# NAME

String::Fuzzy - Python-style fuzzy string matching (fuzzywuzzy port)

# SYNOPSIS

    use String::Fuzzy qw( fuzzy_substring_ratio extract_best ratio );

    # Basic ratio with normalization (default)
    my $score = ratio( "Hello", "hello" );  # 100 (normalized)

    # Disable normalization for case-sensitive matching
    my $raw_score = ratio( "Hello", "hello", normalize => 0 );  # ~80

    # Find best match with index
    my $best = extract_best( "cat", [ "cat", "category", "dog" ], scorer => \&partial_ratio );
    print "Best: $best->[0], Score: $best->[1], Index: $best->[2]\n";

    # Get all matches sorted by score
    my $all = extract_all( "cat", [ "cat", "category", "dog" ] );
    for ( @$all ) { print "Match: $_->[0], Score: $_->[1]\n"; }

    # Practical example: Find the best vendor match with a typo
    my @vendors = qw( SendGrid Mailgun SparkPost Postmark );
    my $input = "SpakPost Invoice";
    my $best_score = 0;
    my $best_vendor;
    for my $vendor ( @vendors ) {
        my $score = fuzzy_substring_ratio( $vendor, $input );
        if( $score > $best_score ) {
            $best_score = $score;
            $best_vendor = $vendor;
        }
    }
    if( $best_score >= 85 ) {
        print "Matched '$best_vendor' with score $best_score\n";  # SparkPost, 88.89
    }

# VERSION

    v0.1.0

# DESCRIPTION

This module provides fuzzy string matching similar to Python's [fuzzywuzzy](https://github.com/seatgeek/fuzzywuzzy) [library](https://pypi.org/project/fuzzywuzzy/),
faithfully replicating its core functionality and behavior in a Perl context.

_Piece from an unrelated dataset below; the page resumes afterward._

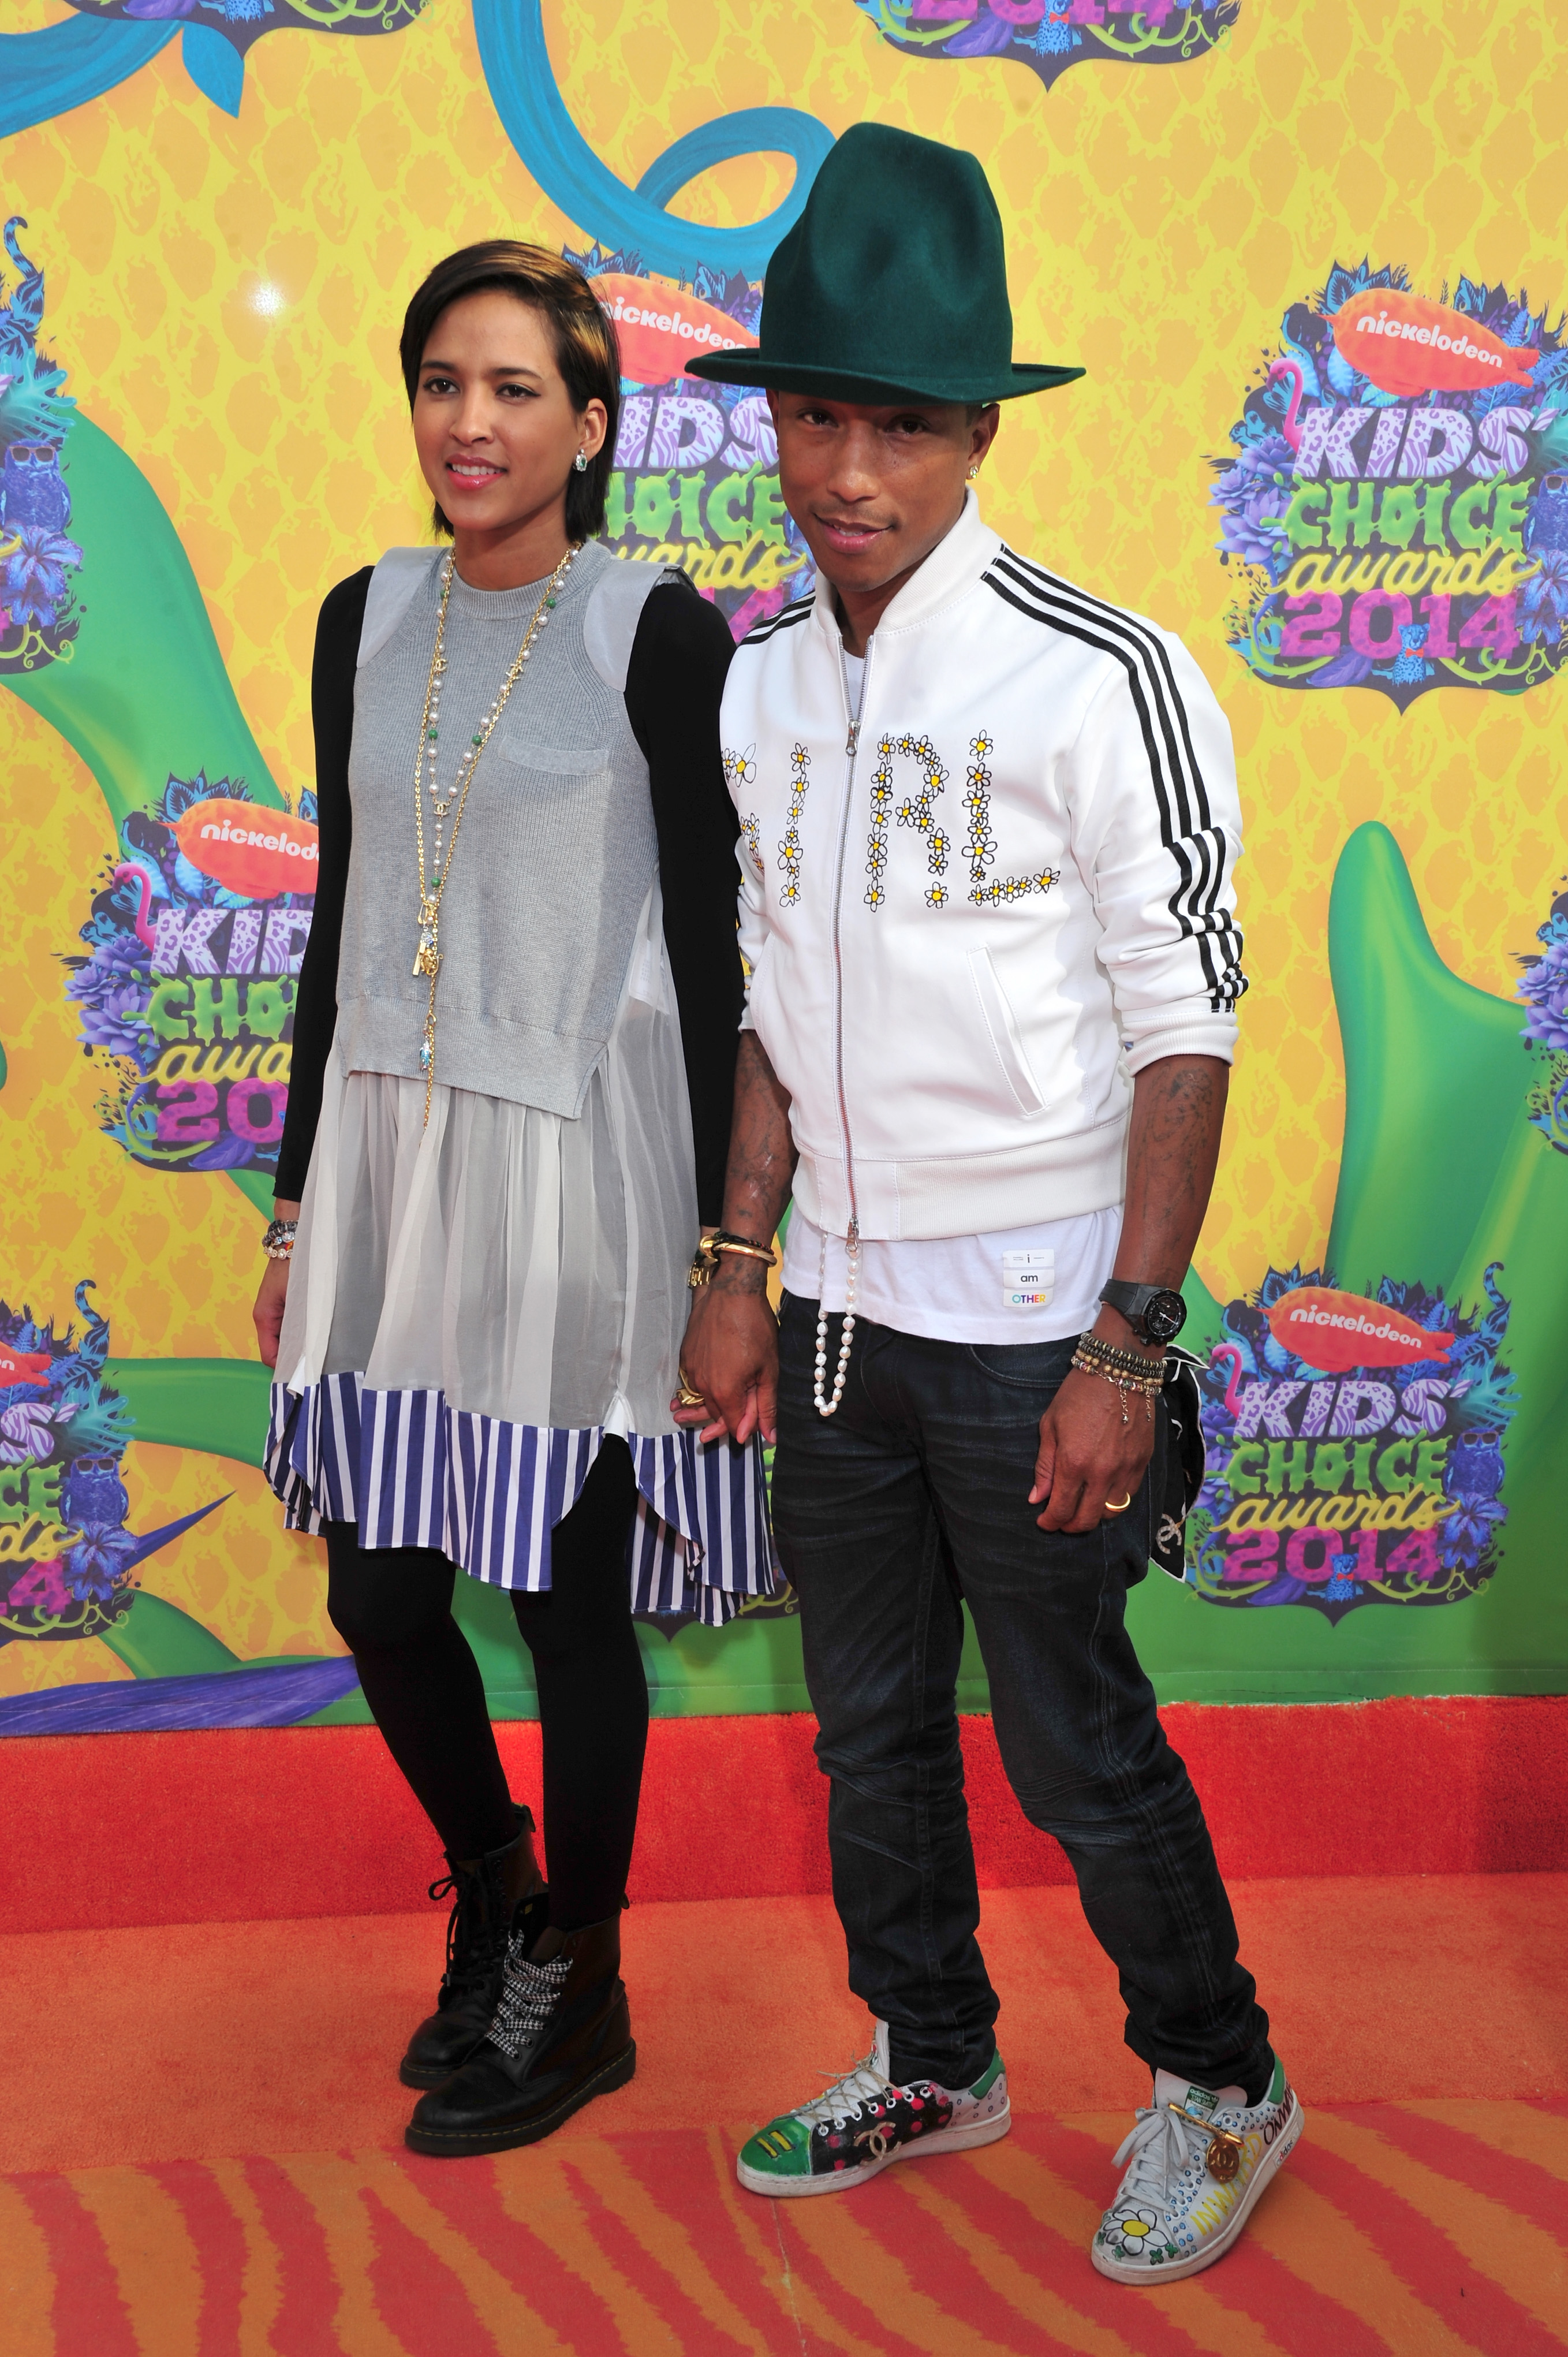 Pharrell Williams Wife Helen Lasichanh: Age, Son, Photos ...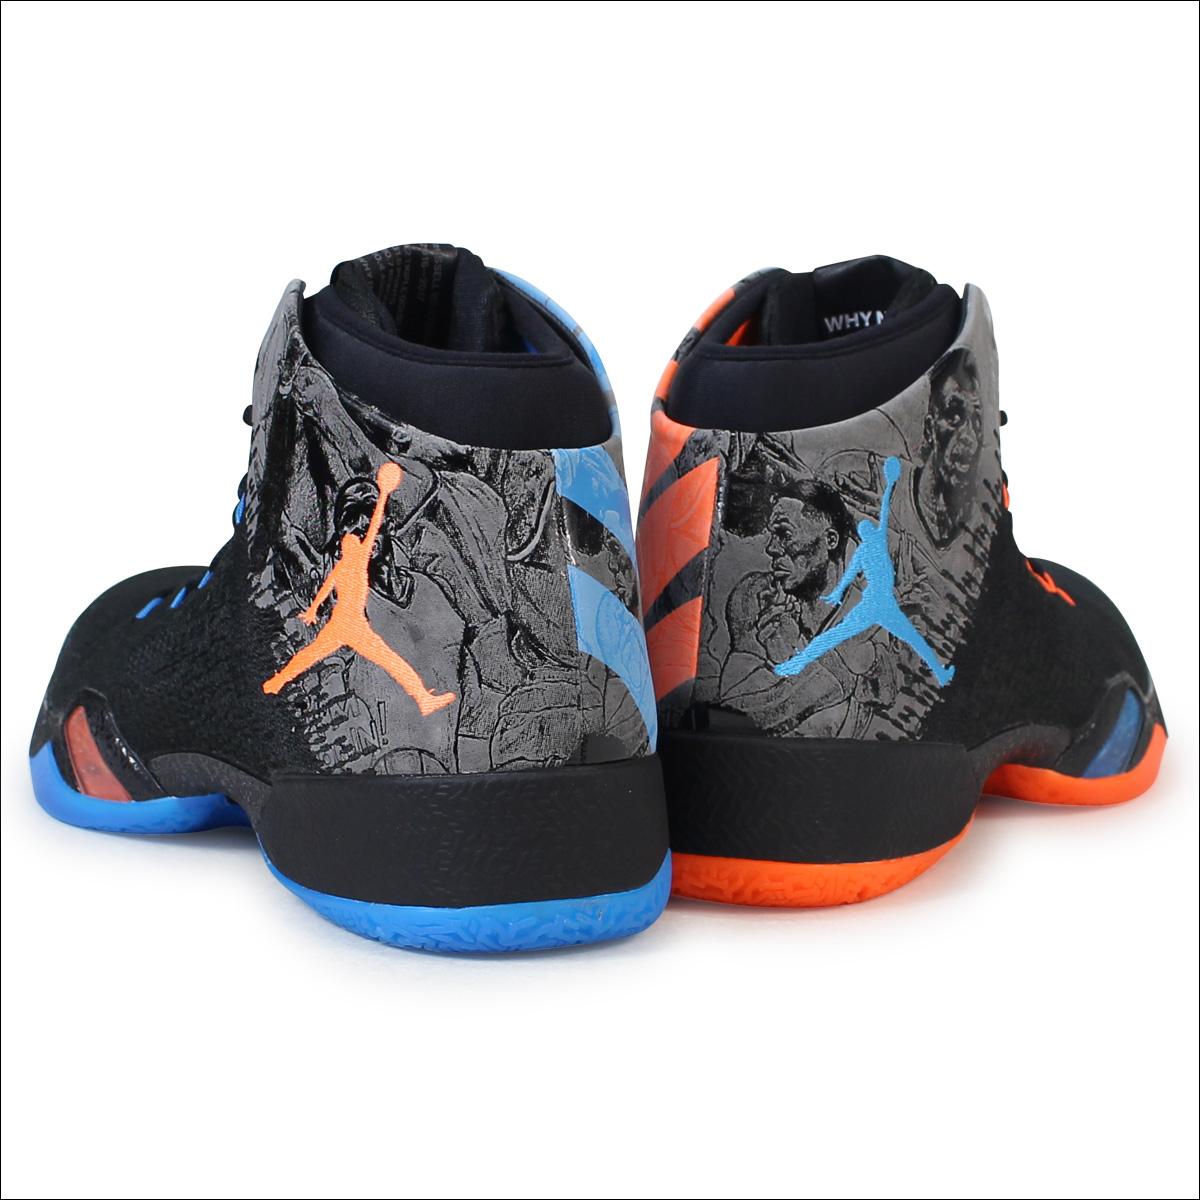 buy online 7c140 5e438 NIKE Nike Air Jordan 31 sneakers AIR JORDAN XXXI Russell Westbrook MVP  AA9794-023 men shoes black

It
supports multiple strategies for comparing strings with typos, extra words, or
inconsistent formatting. By default, strings are normalized (lowercased, diacritics
removed, punctuation stripped), but this can be disabled with the `normalize` option.

# FUNCTIONS

All functions accept an optional `normalize` parameter (default: 1) to toggle
string normalization.

## ratio($a, $b, %opts)

Computes Levenshtein similarity between two strings, returning a score from 0 to 100.
Returns a float for precision.

## partial\_ratio($a, $b, %opts)

Slides the shorter string over the longer one to find the best fixed-length match.

Returns 100 if the shorter string is fully contained in the longer one.

## fuzzy\_substring\_ratio($needle, $haystack, %opts)

Searches for the best fuzzy match of `$needle` in `$haystack` across variable-length
windows. Useful for OCR noise or embedded typos.

## token\_sort\_ratio($a, $b, %opts)

Ignores word order by sorting tokens before comparison.

## token\_set\_ratio($a, $b, %opts)

Focuses on common word tokens, ignoring duplicates and order.

## extract\_best($query, \\@choices, %opts)

Returns the best match as `[$string, $score, $index]`. Accepts `scorer` (default: `\&ratio`)
and `limit` (default: 1) for top-N results.

## extract\_all($query, \\@choices, %opts)

Returns all matches as `[[string, score], ...]`, sorted by score descending.

Accepts `scorer` (default: `\&ratio`).

# AUTHOR

Albert (ChatGPT) from OpenAI, with enhancements by Grok 3 from xAI.

Supported by Jacques Deguest <`jack@deguest.jp`>.

# SEE ALSO

[Text::Approx](https://metacpan.org/pod/Text%3A%3AApprox), [Text::Levenshtein::XS](https://metacpan.org/pod/Text%3A%3ALevenshtein%3A%3AXS), [Text::Fuzzy](https://metacpan.org/pod/Text%3A%3AFuzzy),
[String::Approx](https://metacpan.org/pod/String%3A%3AApprox), [Text::Levenshtein::Damerau](https://metacpan.org/pod/Text%3A%3ALevenshtein%3A%3ADamerau)

# LICENSE

This library is free software; you can redistribute it and/or modify it
under the same terms as Perl itself.